Alzheimer’s disease (AD) therapeutics targeting amyloid beta and phosphorylated tau have been associated with unclear clinical benefits. Chronic inflammation is thought to induce insulin resistance and promote neurodegenerative proteinopathies to compromise cognition. NE3107 is an oral, blood-brain‒permeable molecule that selectively inhibits inflammatory mediators and improves insulin signaling. NE3107 increased insulin sensitivity and restored metabolic homeostasis in patients with type 2 diabetes and inflammation and altered inflammatory biomarkers that have been associated with cognitive decline.

We conducted an open-label, phase 2 trial to evaluate the efficacy and safety of NE3107 in patients with dementia.

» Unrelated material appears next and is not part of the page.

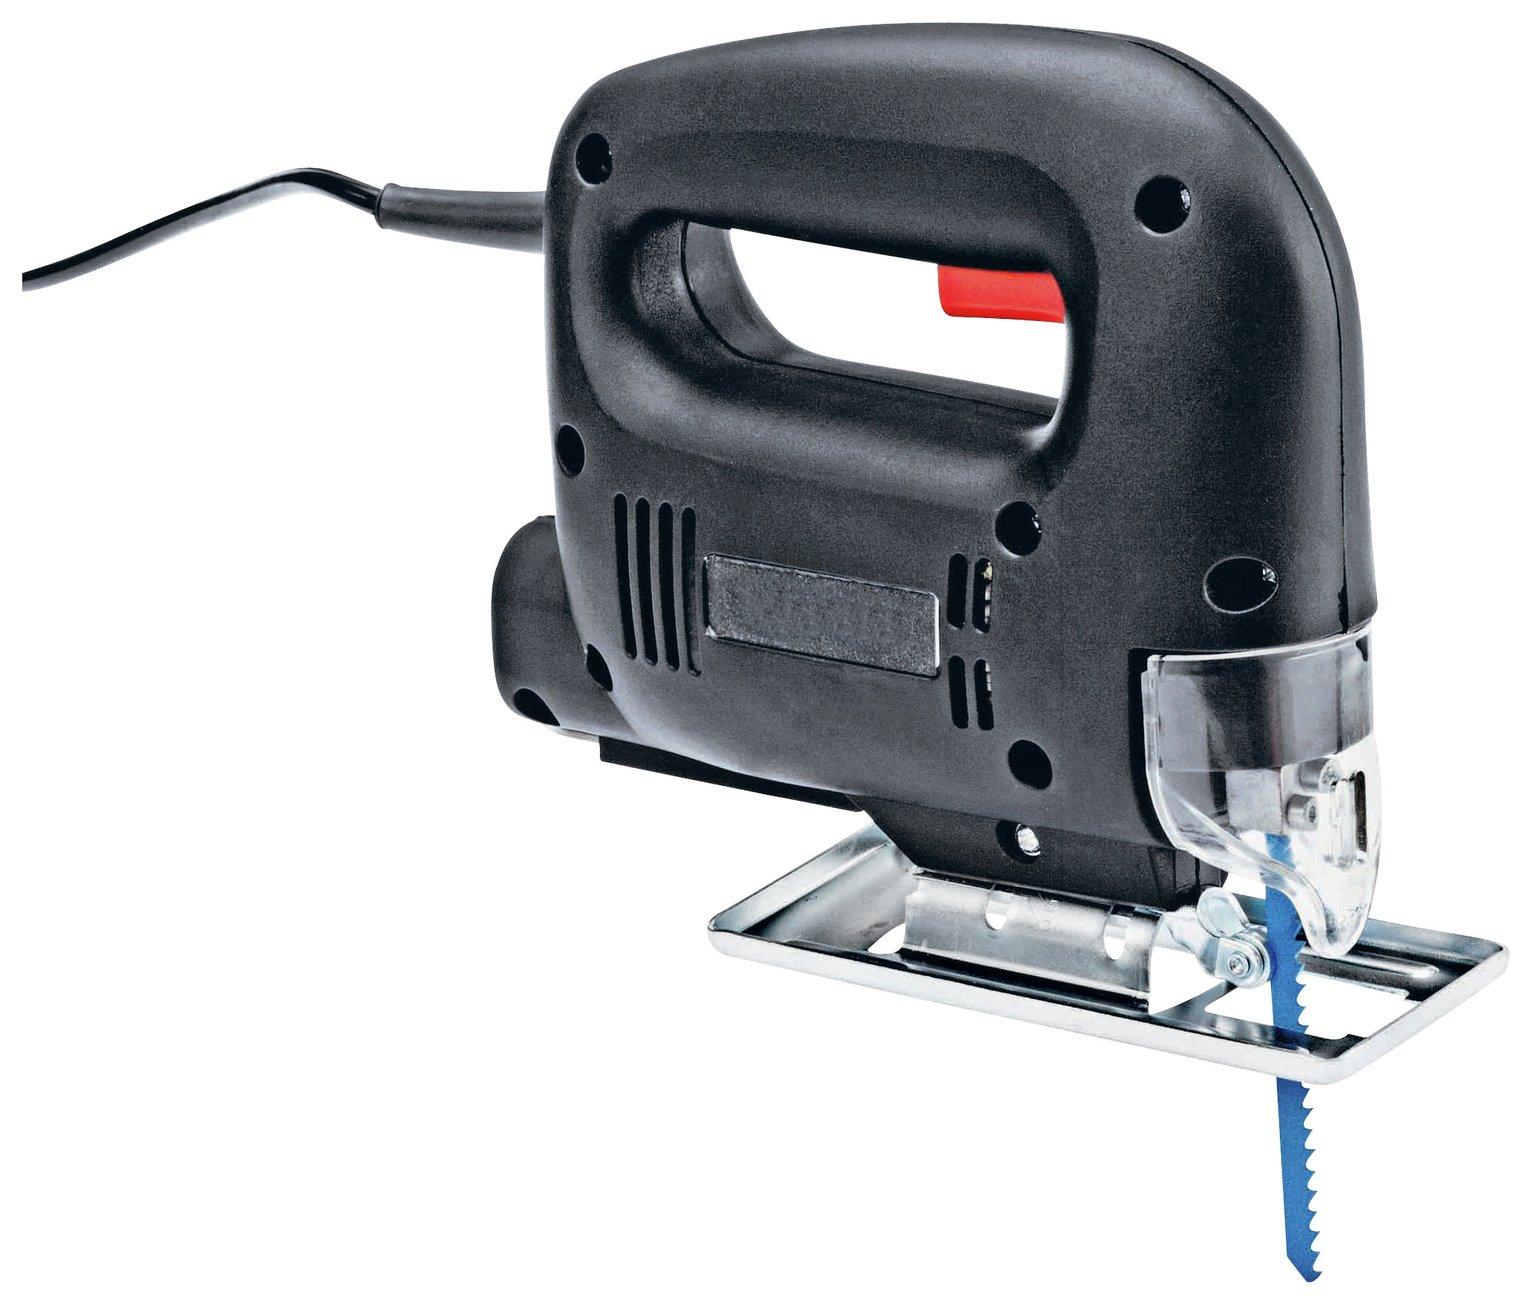 Simple Value Jigsaw - 350W
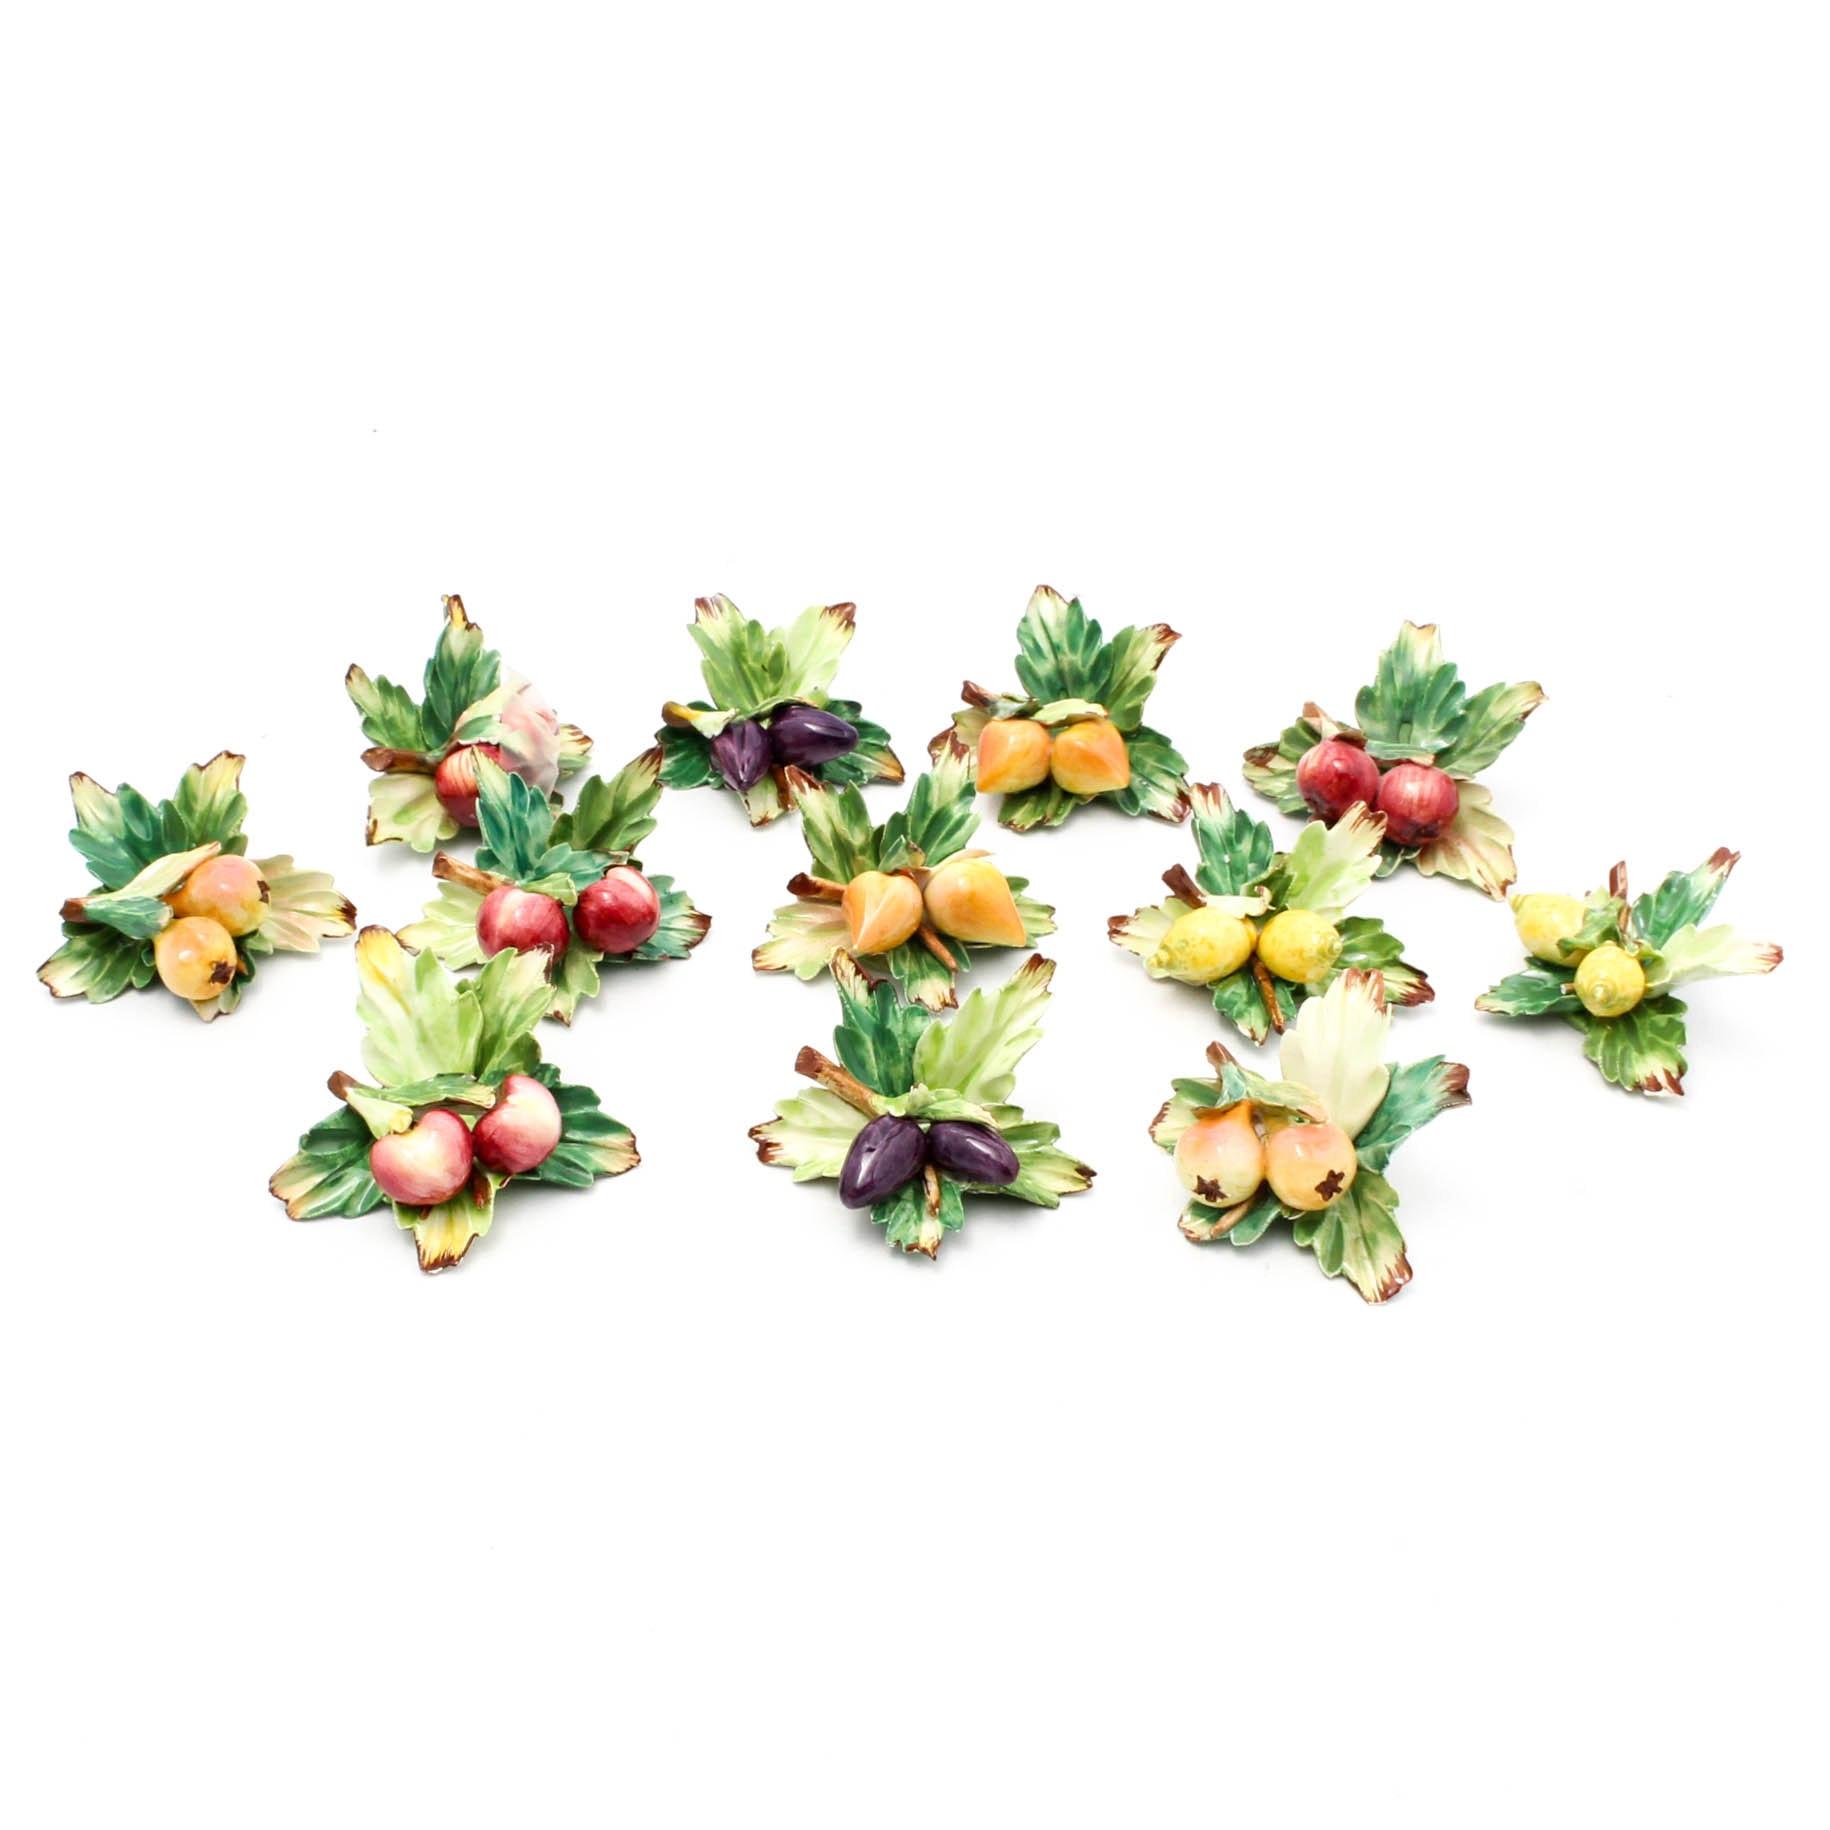 Italian Hand-Painted Porcelain Fruit Figurines

Twenty-three participants were enrolled and received 20-mg oral NE3107 twice daily for 3 months. Participants were 50-89 years old with mild cognitive impairment (MCI) or mild dementia (Quick Dementia Rating Scale [QDRS] cutoff range: 1.5-12.5; Clinical Dementia Rating [CDR] score range: 0.5-1). Cognitive functioning (clinical outcomes) was evaluated at baseline and upon treatment completion using the QDRS, CDR score (estimated by the QDRS), Alzheimer’s Disease Assessment Scale-Cognitive Subscale 12, the Mini-Mental State Examination, and the Montreal Cognitive Assessment. Additionally, participants, caregivers, and clinicians were asked to report a Global Rating of Change.